Mr. Bhushan mentioned various countries which appoint judges transparently and urged the Supreme Court of India to follow suit. He argued that the argument of judges’ privacy should not be invoked to stall asset declaration and such a declaration is clearly against public interest. He further said that the Lokpal Act mandates the disclosure of assets on the court’s website. He concluded by saying that “no demand for privacy can override public interest”.

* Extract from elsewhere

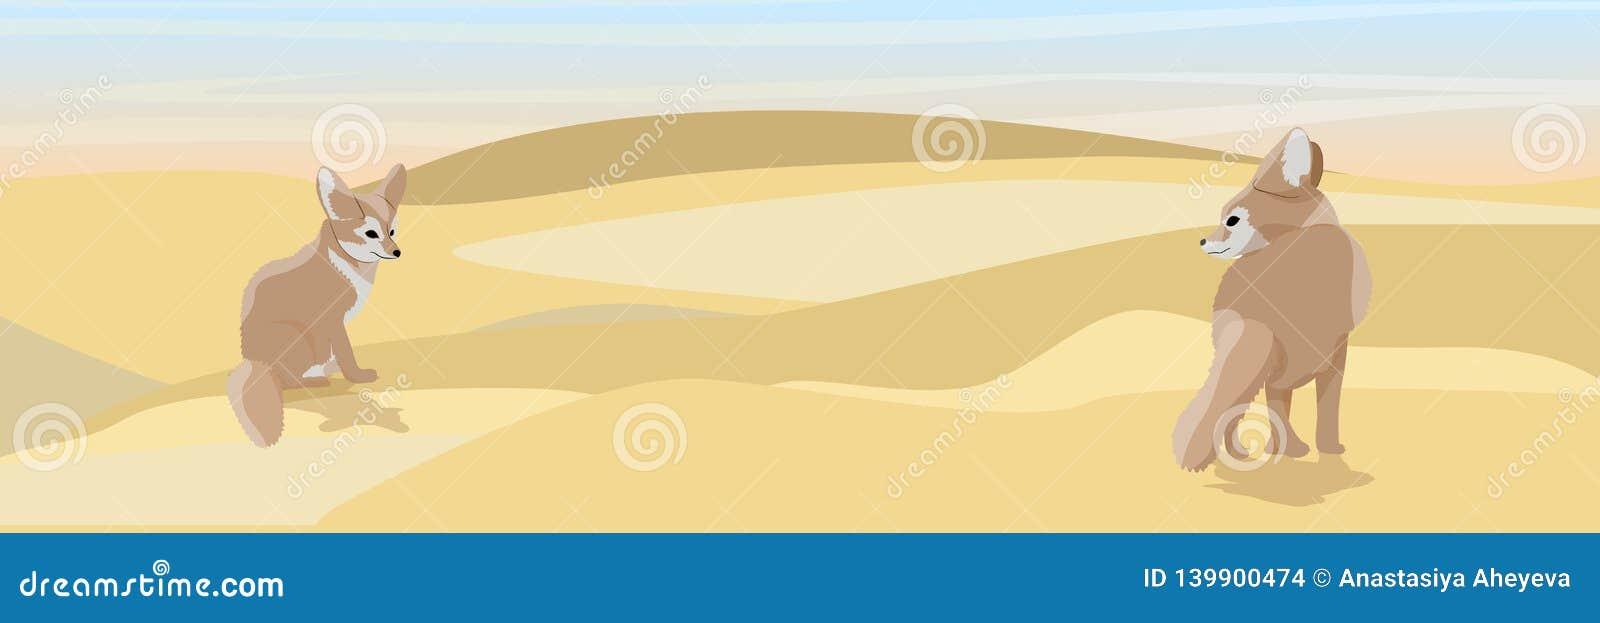 Dwa lisa opustoszały fenek na piasku
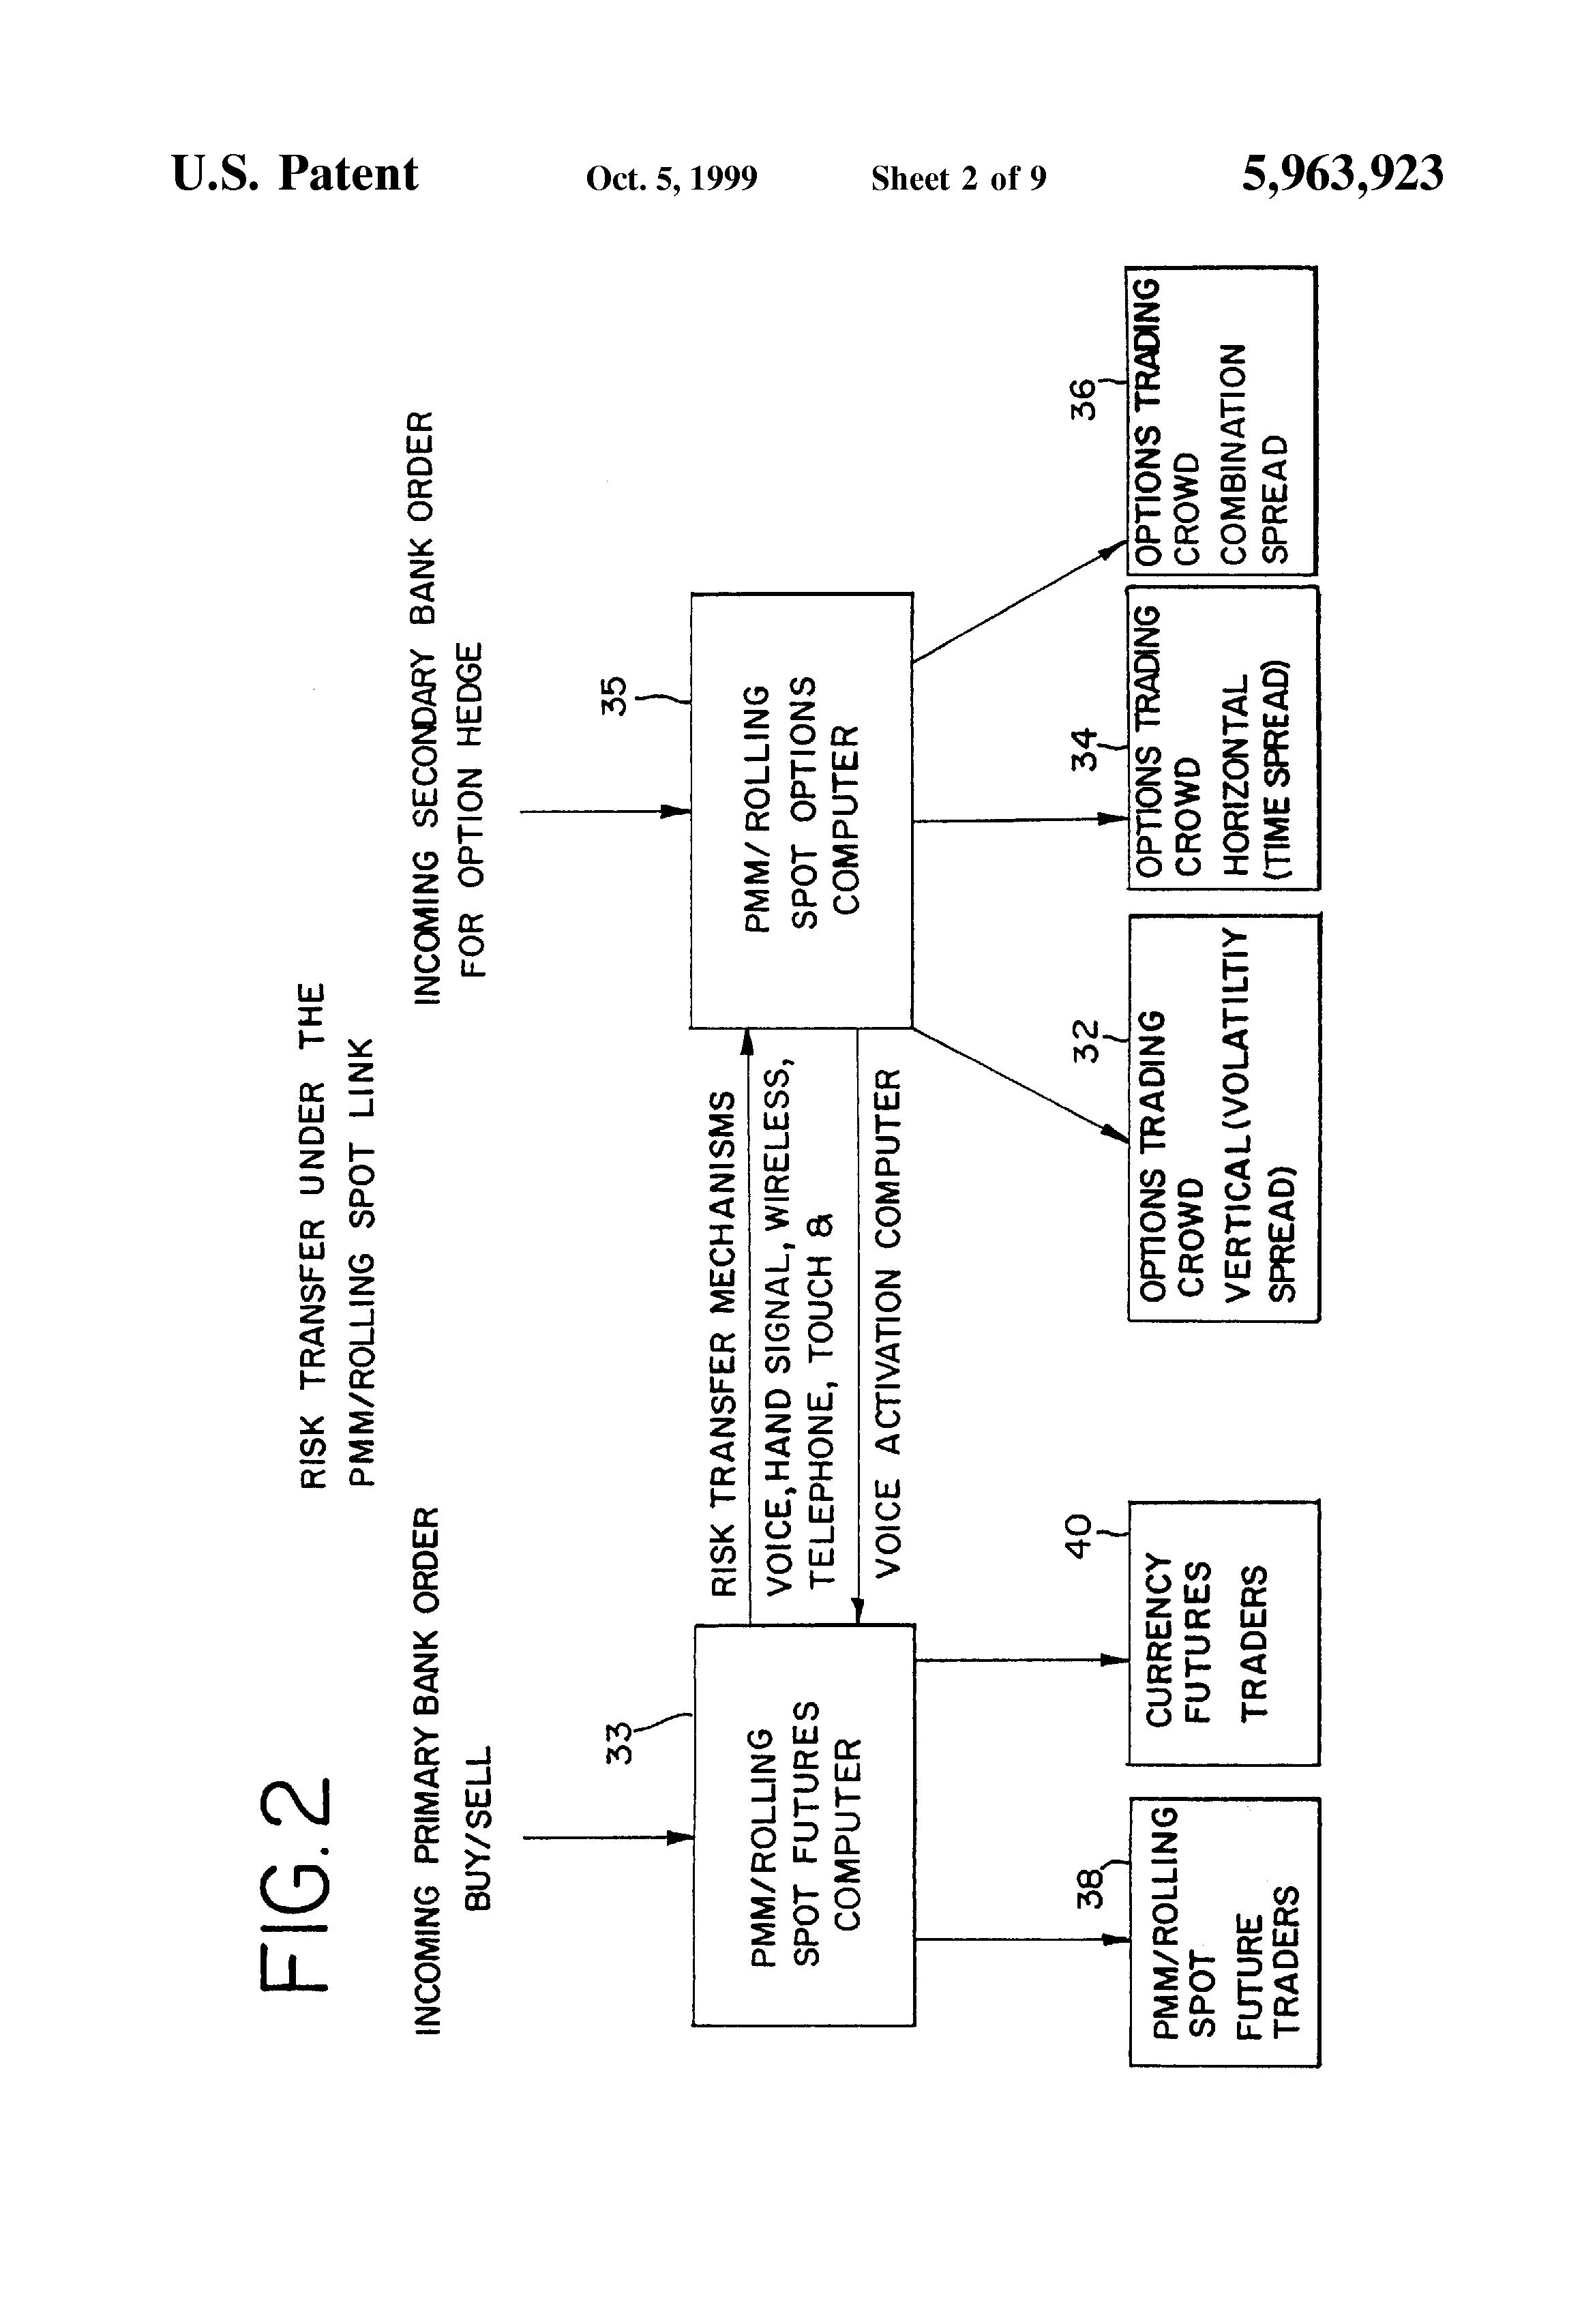 Bi-directional options trade

Mr. Bhushan concluded by again referencing SP Gupta, submitting that as it was a 7 judge Bench decision it remains binding on this 5 judge Bench. He urged the Court to allow for disclosures pertaining to judicial appointments, submitting that not doing so would make it look hypocritical. He noted how the court encouraged other institutions to become more transparent and emphasised that the Court should apply this principle to itself.
Finally, AG KK Venugopal made a brief rejoinder. He argued that SP Gupta provides for exempting disclosures that affect the interests of third parties.
The Court reserved judgment in the matter. Note that Mr. Bhushan will file written submissions on Tuesday, 9th April.